Without the pictures, retype each line below exactly as it stands.

(Given data):
■ ■ ■ ■ ■ ■ ■

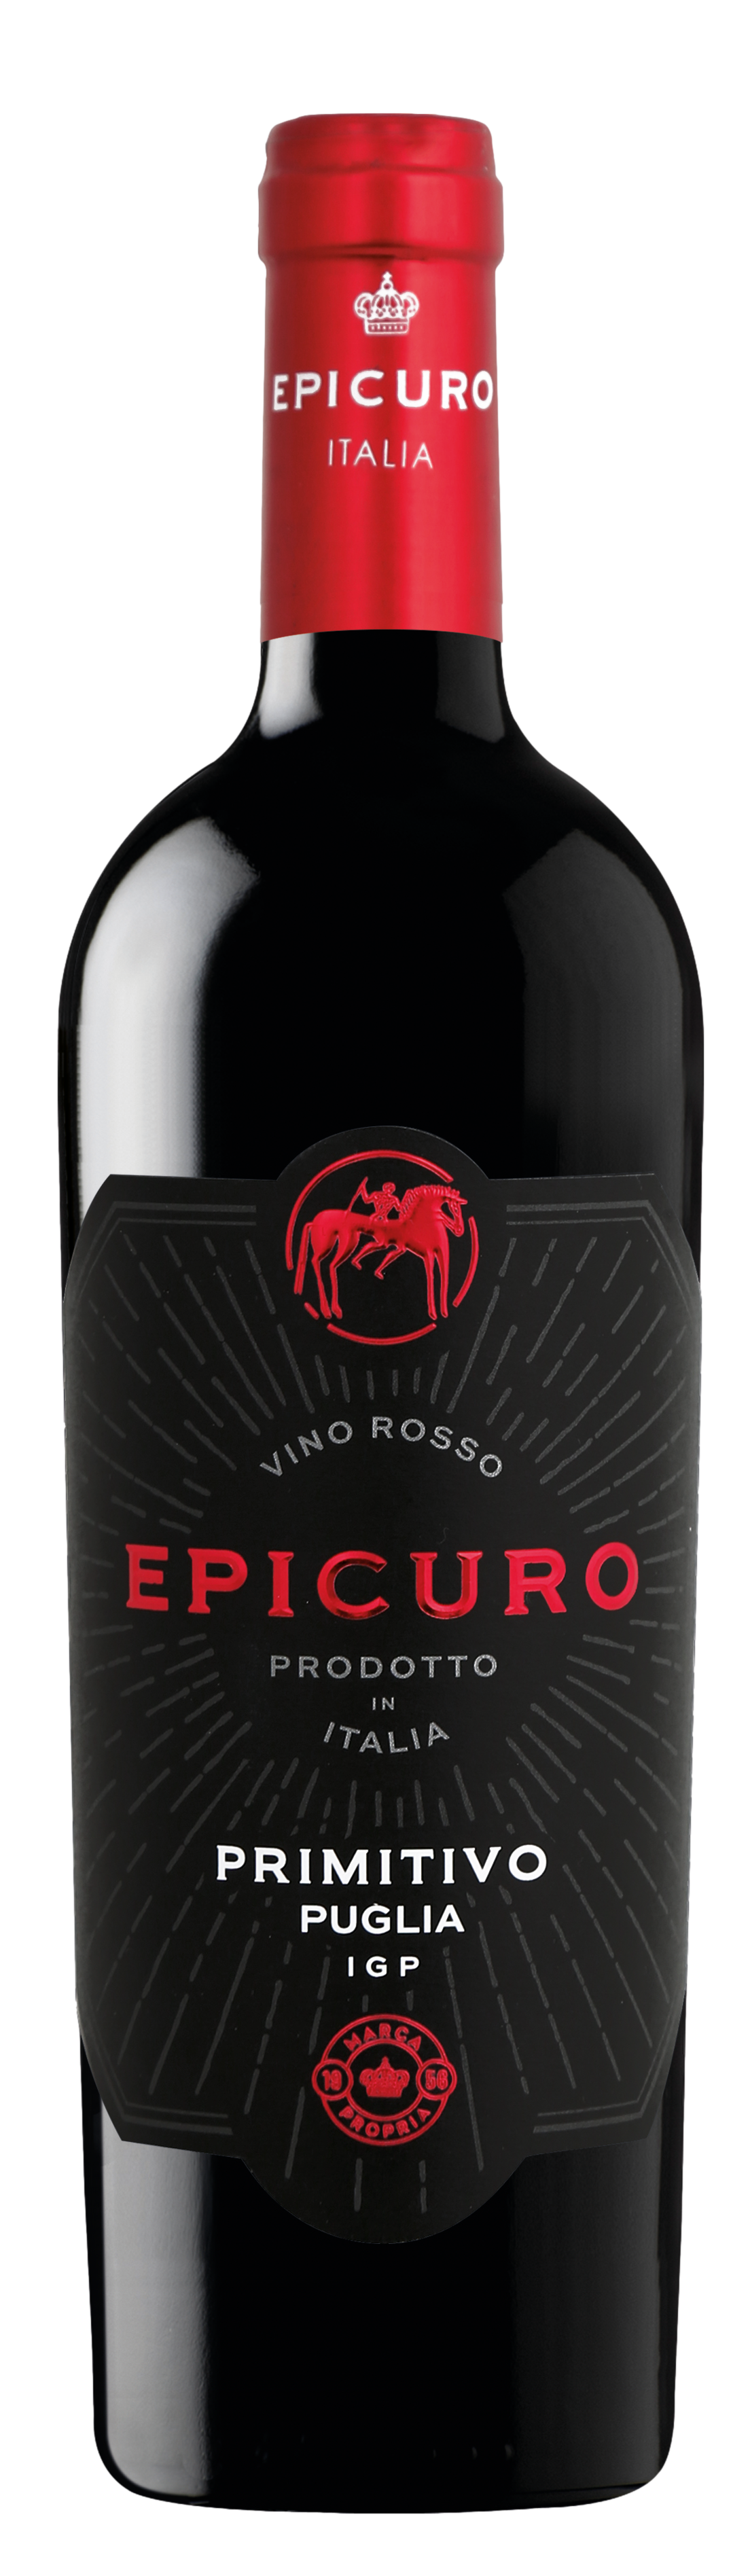 Epicuro Rotwein Probierpaket (6 x 0,75l) + VINOX Winecards
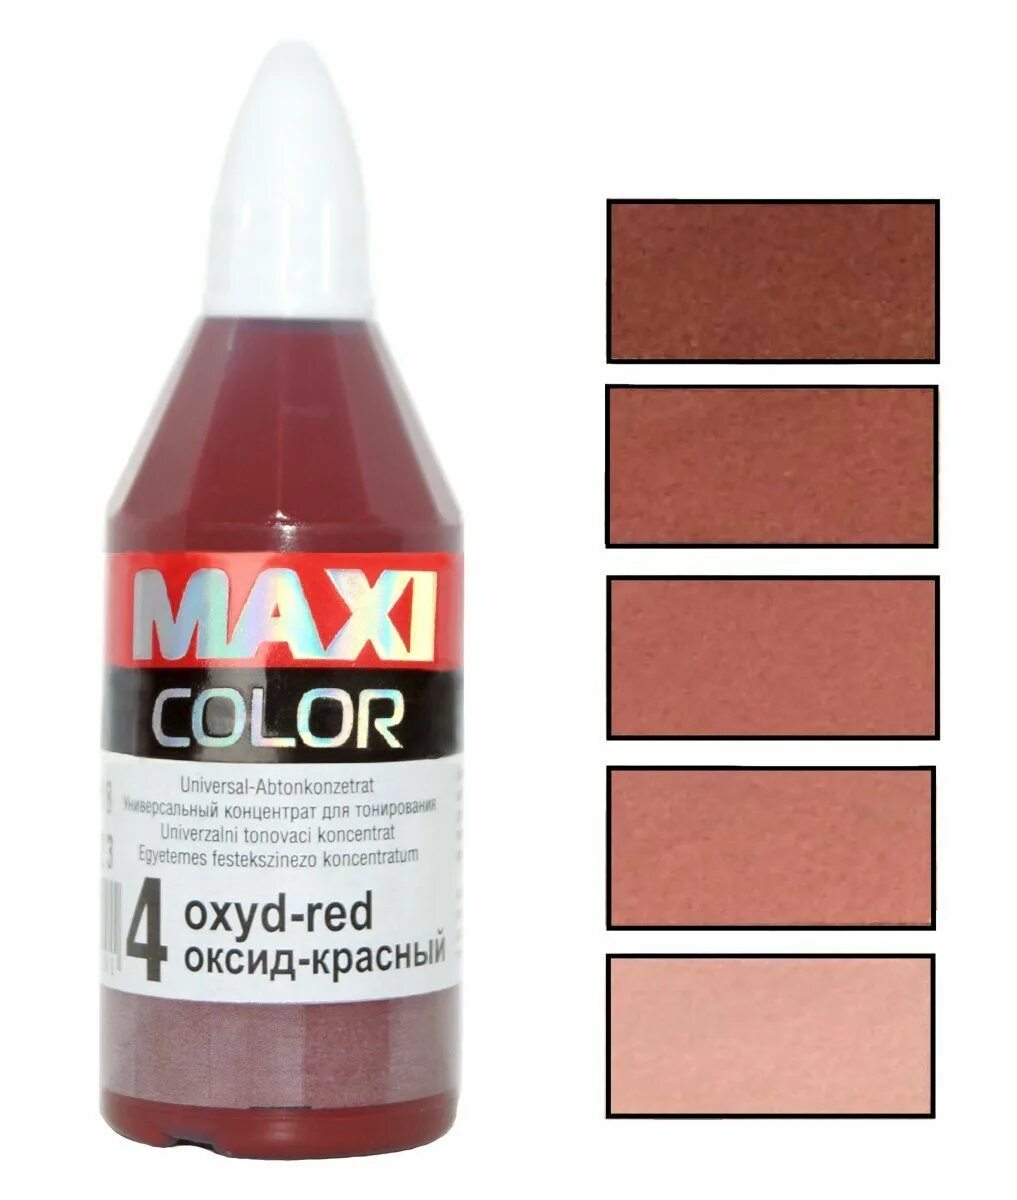 Maxi-Color 40 мл концентрат (колер). Колер Maxi-Color, универсальный концентрат для тонирования №18 Orange. Колер красный. Оксидно красный колер. Концентрат цвет
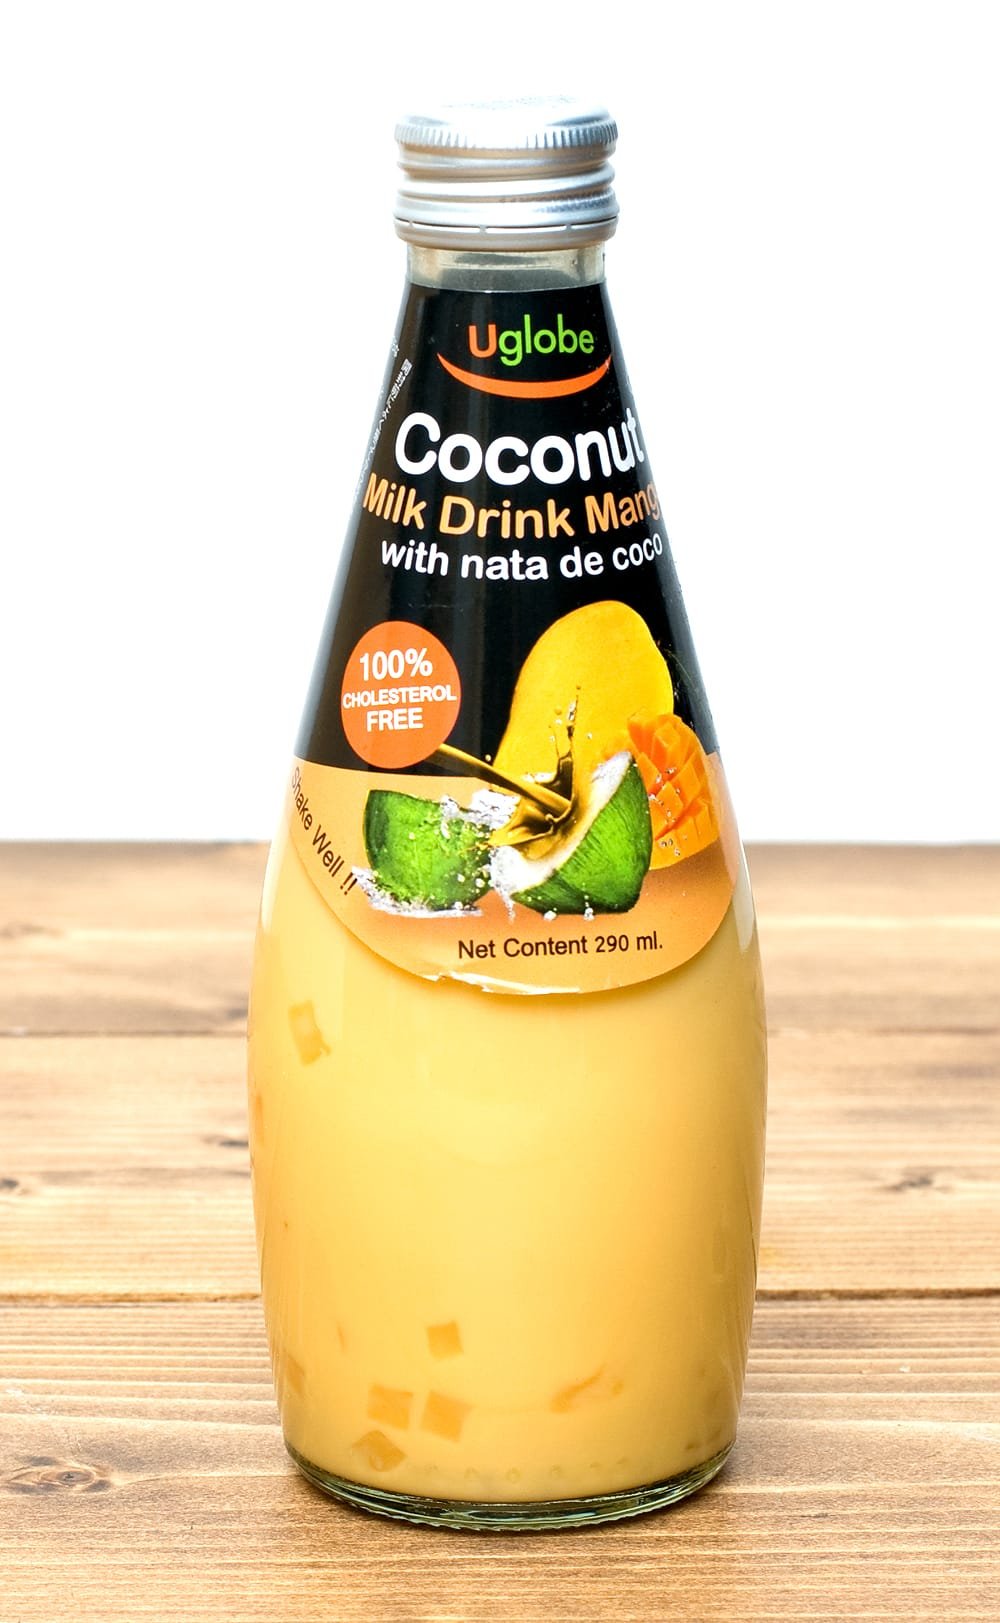 ココナッツミルクドリンク・ナタデココ入 マンゴー味 - Coconut Milk Drink With Nata de coco 【U globe】  の通販 - TIRAKITA.COM

■ ■ ■ ■ ■ ■ ■

(Answer):
 Epicuro Rotwein Probierpaket (6 x 0,75l) + VINOX Winecards
 Maxi-Color 40 мл концентрат (колер). Колер Maxi-Color, универсальный концентрат для тонирования №18 Orange. Колер красный. Оксидно красный колер. Концентрат цвет
 ココナッツミルクドリンク・ナタデココ入 マンゴー味 - Coconut Milk Drink With Nata de coco 【U globe】  の通販 - TIRAKITA.COM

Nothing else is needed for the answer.